March 30, 2010
By: Paul Schattenberg, 210-467-6575, paschattenberg@ag.tamu.edu
UVALDE – A Wheat Field Day, presented by Texas AgriLife Research and the Texas AgriLife Extension Service, will be held from 8 – 11:15 a.m. on April 23 at the Texas AgriLife Research and Extension Center, 1619 Garner Field Rd, Uvalde.
Registration will be from 8 – 8:20 a.m., followed by opening remarks by Dr. Daniel Leskovar, professor and resident director of research at the center, and Bryson Dalrymple, AgriLife Extension agent for agriculture and natural resources, Uvalde County.
“The program will provide new information on wheat varieties, as well as innovative tools utilized in plant breeding research,” Leskovar said. “Participants will also have the opportunity to visit and learn about other research conducted at the center, including our trials with globe artichokes.”
Presentations and visiting the center’s research plots also will help introduce producers to some new technologies available to enhance their cropping systems, Dalrymple added.
Program registration is $10 and 2.5 continuing education units – 2 general and 0.5 in integrated pest management — will be available for private applicators.
Presentations will start at 8:30 a.m. with Dr. Mark Welch, AgriLife Extension economist, College Station, and Thomas Marek, AgriLife Research agricultural engineering superintendent, North Research Field, Etter. Welch will speak on wheat economics and marketing, and Marek will present on irrigation management for wheat. Then Dr. Ron French, AgriLife Extension specialist in plant pathology at the Texas AgriLife Research and Extension Center, Amarillo, will speak on wheat disease and diagnosis, plus fungicide use.
“We’re encouraging participants to bring plant samples with disease problems for diagnostics at the field day,” Leskovar said. “There will be a question-and-answer period that will provide an opportunity for participants to inquire about plant diseases and learn which may be present in their crop.”
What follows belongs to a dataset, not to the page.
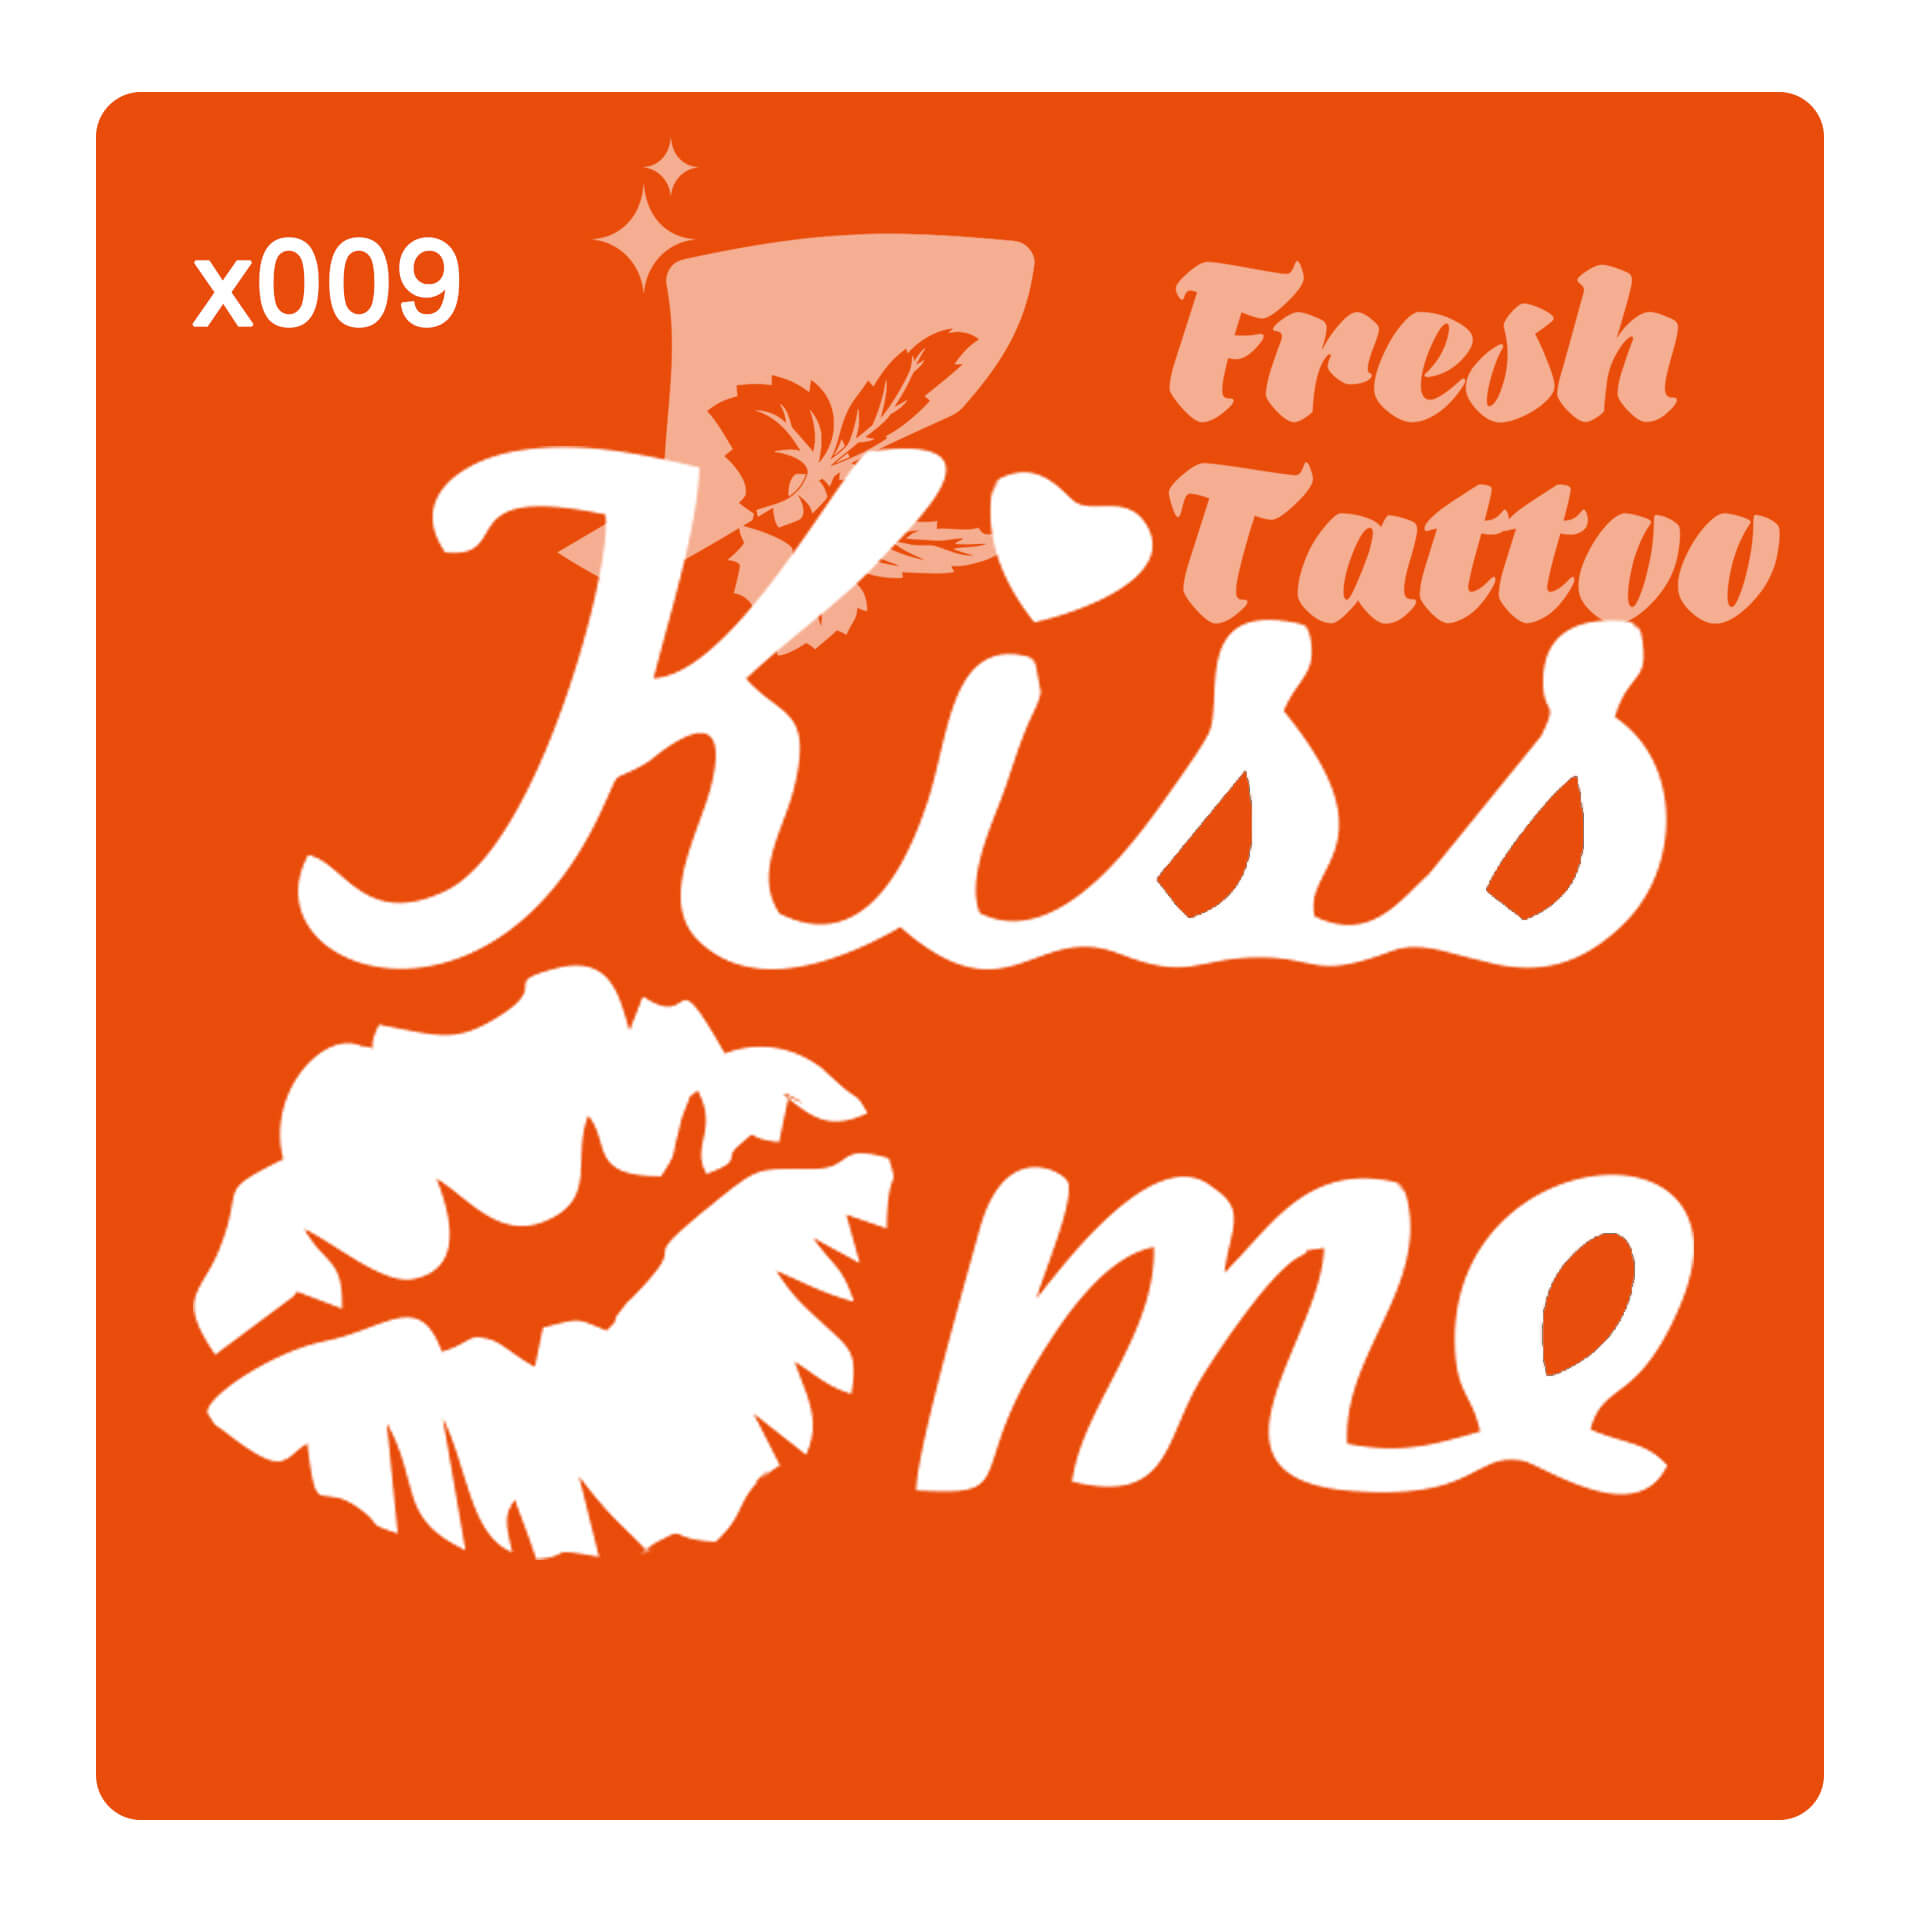 Kiss me x009

Kody Bessent, Texas Wheat Producers Board, will present an industry overview, followed by a discussion period and break during which participants may view informational posters on wheat research. Topics will include genetic loci in wheat regulating leaf-wax cuticle layers and how layer composition may improve reproductive-stage heat and drought tolerance, as well as the effect of heat stress on leaf-wax content in TAM111 and TAM112 wheat varieties.
From 9:45 – 10 a.m., participants will be taken to wheat plots at the center to view some results of center research and field trials.
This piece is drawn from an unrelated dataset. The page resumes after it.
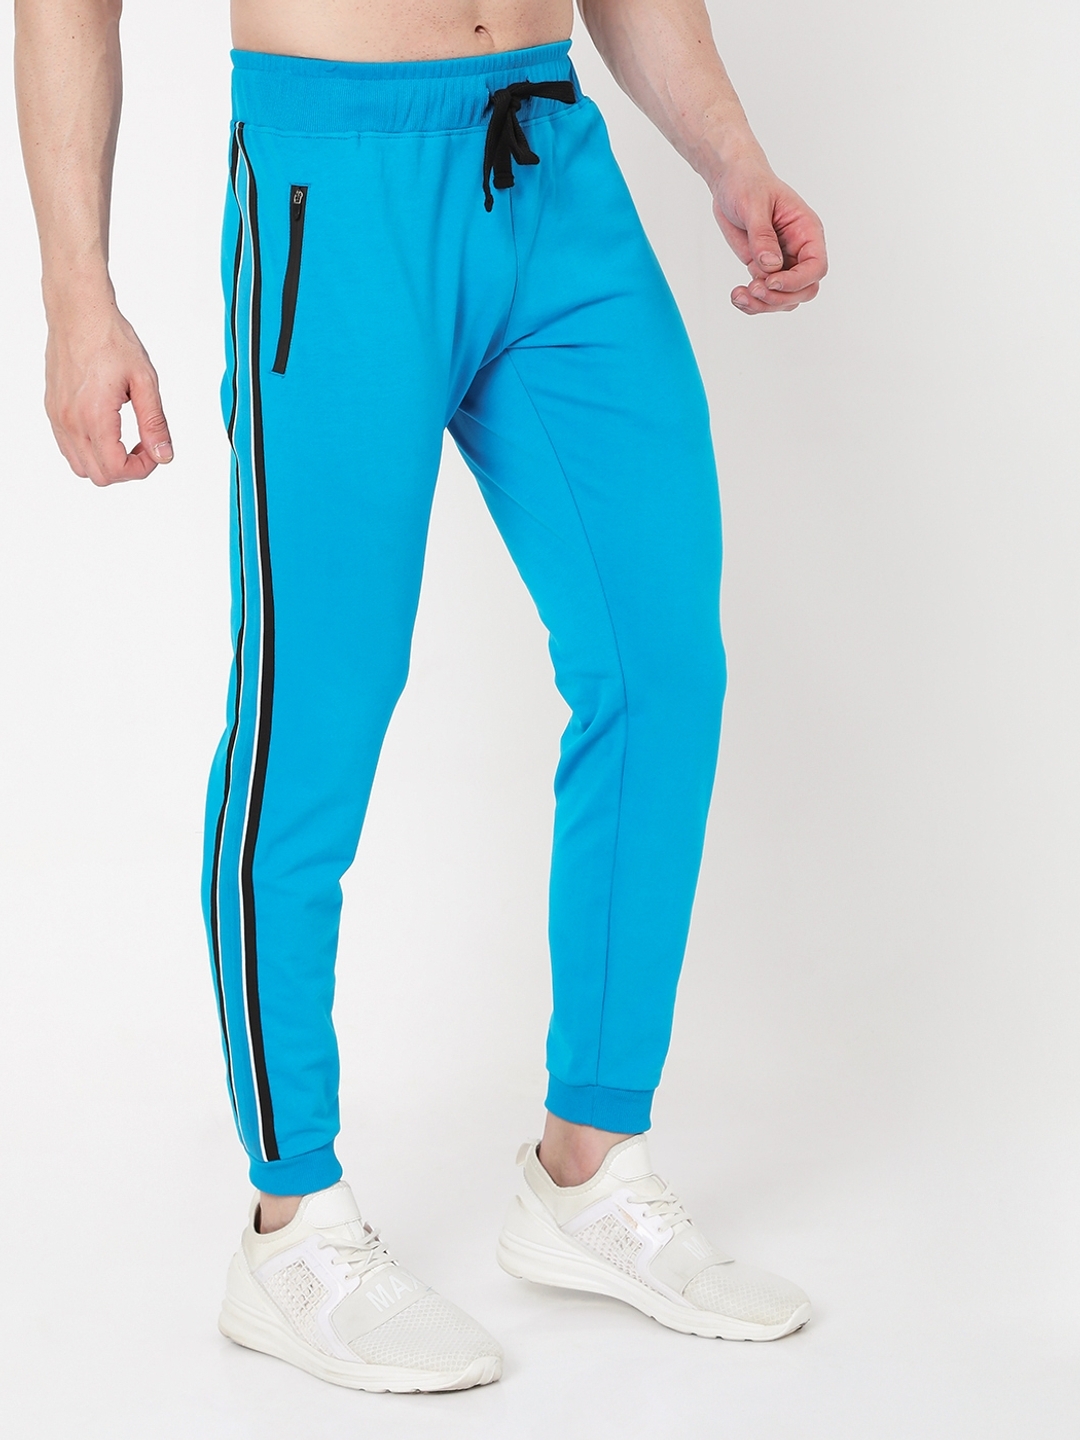 कंफर्ट के मामले में काफी बढ़िया हैं ये Slim Fit Track Pants, कैजुअल वेयर  में भी कर सकते हैं स्टाइल - buy these best slim fit track pants for men to  get

After the tour, presentations will resume, beginning with a presentation on wheat breeding by Dr. Amir Ibrahim, associate professor, Texas A&M University soil and crop sciences department, College Station. Additional information on wheat breeding will be presented by Dr. Jackie Rudd, AgriLife Research professor of wheat breeding and genetics, Amarillo, and Dr. Dirk Hays, associate professor of cereal grain developmental genetics, soil and crop sciences department, College Station. Then doctoral candidate Sean Thompson will speak about ground-penetrating radar and terrestrial laser scanning as next-generation tools in plant breeding.
The morning’s final presentation will be an update on wheat varieties co-presented by Daniel Hathcoat, AgriLife Extension program specialist, and Dr. Travis Miller, AgriLife Extension program leader and soil and crop sciences associate department head.
The program will conclude at 11:15 a.m.